Fishing Lines: How to make lobsters out of concrete

Told you so. Nineteen years ago, the very first story I wrote for this newspaper has come to pass. The column suggested that sea angling around much of our coastline might find a saviour in the oil industry. Yup. Those same mercenary toerags whose profits have risen 75 per cent in the past quarter, but who still claim their business is cyclical.

When the Indy was just a twinkle in someone's eye, the brains behind it decided the "It'll be all right on the night" approach was a teeny bit risky. They carried out dummy runs for weeks, printing a few copies and trying them out on a tiny, select audience. I wrote two columns that were only seen by the sports editor, the skeleton staff and a couple of hundred readers. (The last lot clearly had superb taste, for they demanded that the fishing column appeared weekly rather than fortnightly.)

I've no idea what the second column was about. Those were the days of floppy disks, dot-matrix printers and computers the size of a house. I'm sure it was superbly written, witty and incisive. Then again, it may have been a load of tosh. Can't remember.

But I do recall the first one. This chap in Aberdeen, Eric something, was pushing the idea that discarded oil rigs could be the salvation of struggling fishing communities. Once rigs have stopped pumping out oil, you can't leave them. Too perilous to shipping. You can't bring them onshore for decommissioning. Too expensive, and all that steel would depress the domestic market.

Eric's answer was to sink them a few miles off the ailing ports and turn them into fish-attracting reefs. Unlike cars, which rot to nothing in a few years, high-grade steel lasts a century or more.

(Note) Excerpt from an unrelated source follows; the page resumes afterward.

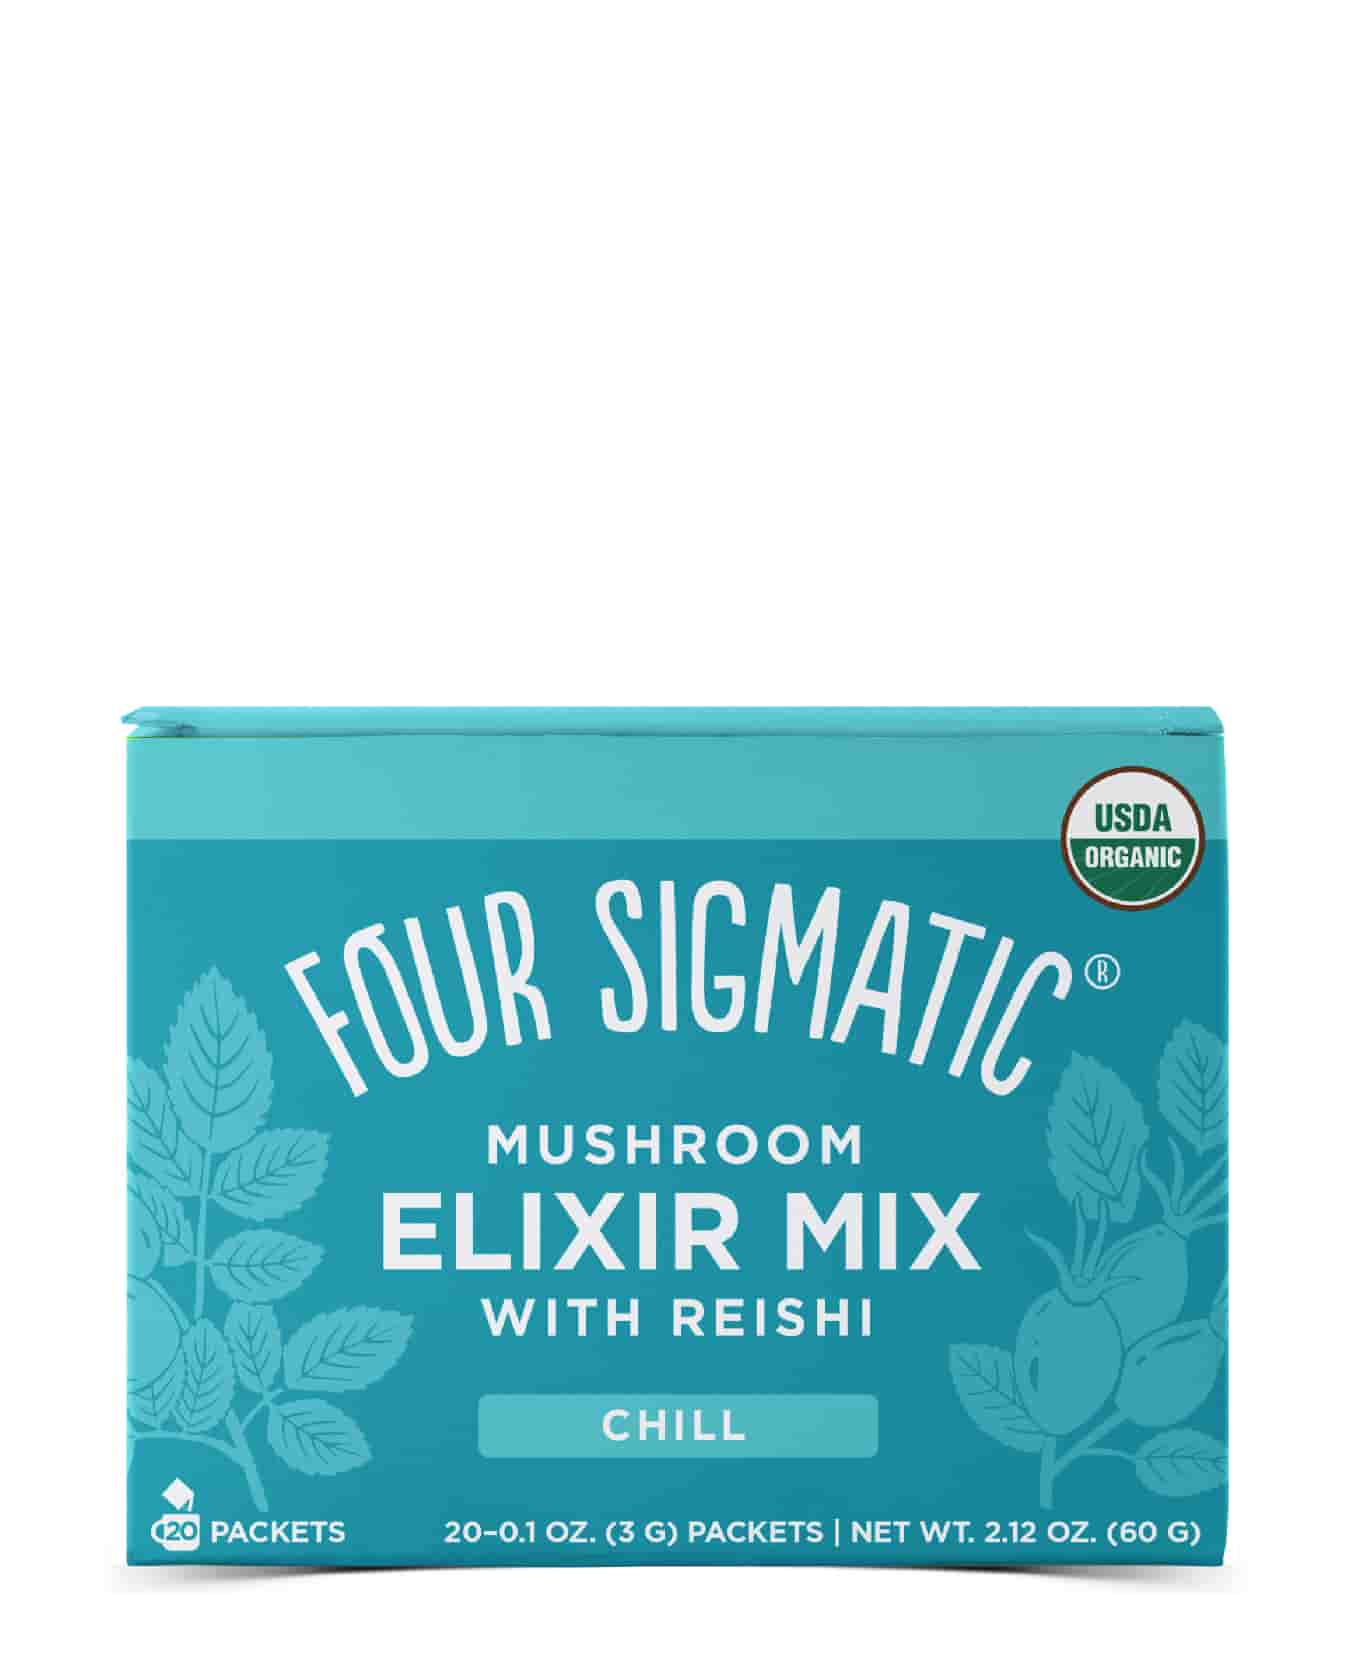 Four Sigmatic Reishi Mushroom Elixir Mix bei LiveHelfi kaufen

Within a short time, small sea creatures would populate the reef. Then bigger things that eat the small ones (on land, they'd be called lawyers) would turn up. Within a few years, you'd have a thriving underwater town. It would provide commercial and rod-and-line fishing, with the local town policing its reef and stopping the dastardly Spaniards or Russians from nobbling the fish. The scheme had worked in Florida, so why not in the UK?

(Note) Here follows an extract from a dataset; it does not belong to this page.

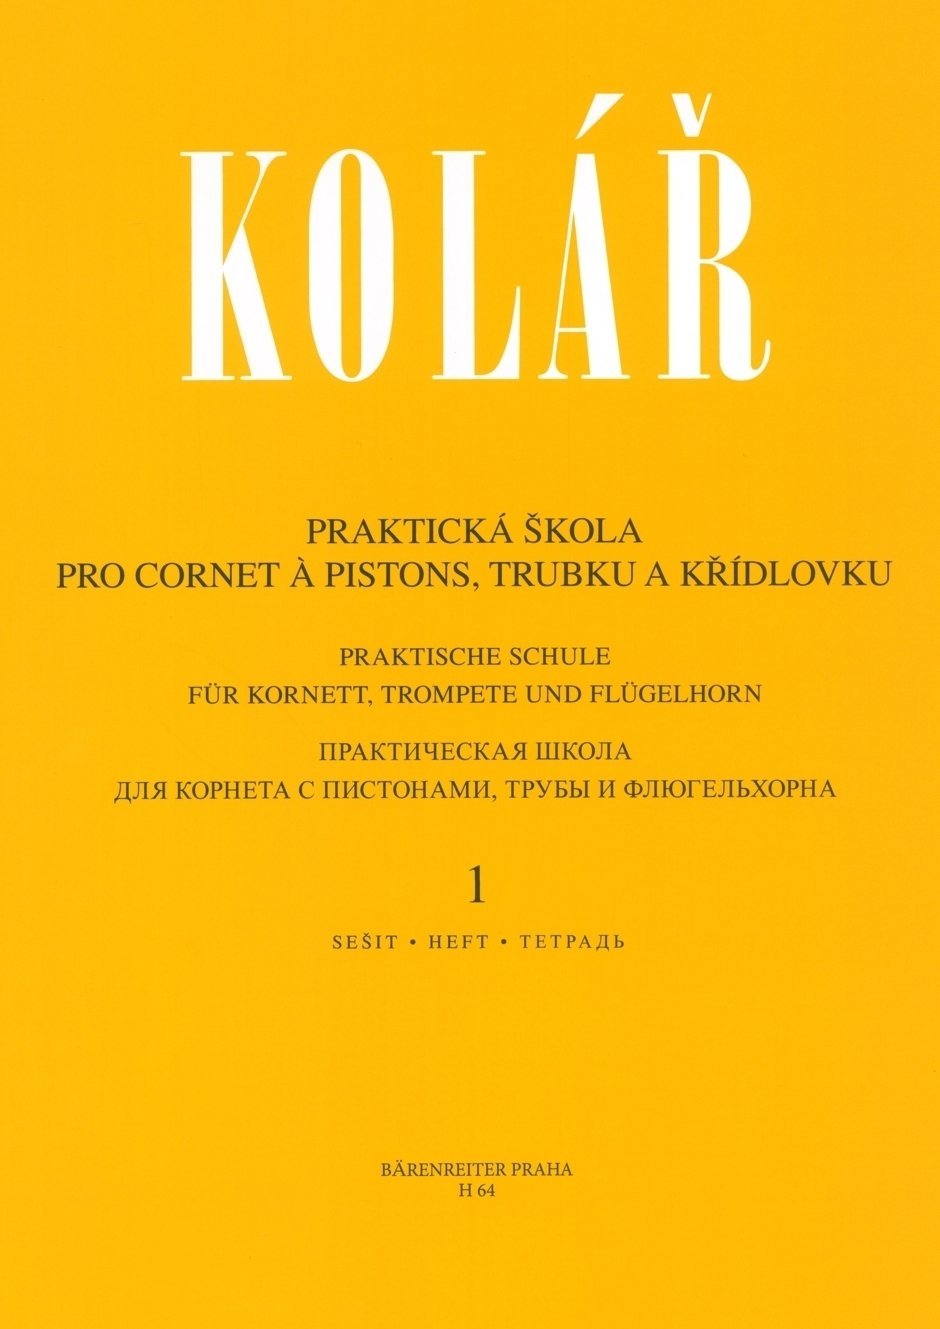 Partitura para instrumentos de viento Jaroslav Kolář Praktická škola pro cornet á pistons, trubku a křídlovku 1 Music Book Partitura para instrumentos de viento

Journalists, alas, have a low attention span. I forgot all about it until this week, when I read that an artificial reef in Loch Linnhe, near Oban, had been so successful that others were planned. Made with 10,000 tonnes of honeycombed concrete blocks, the reef has seen sea life increase 16 times in the area since 2002, with cod, lobster and other shellfish moving in.

The Scottish Association for Marine Science, who are behind the project, are planning a similar reef off Aberdeen. Professor William Ritchie, the director of the Aberdeen Institute for Coastal Science and Management, said: "In years to come, we will see artificial reefs emerging around the coast of Britain."

The reef's biggest attraction, it seems, is for lobster "ranching", where juveniles are planted on the reefs and then grow to eating size. So, apart from the fact that it's lob- sters rather than fish, and concrete rather than steel, and in Oban rather than on the east coast, I got it dead right. Nineteen years later.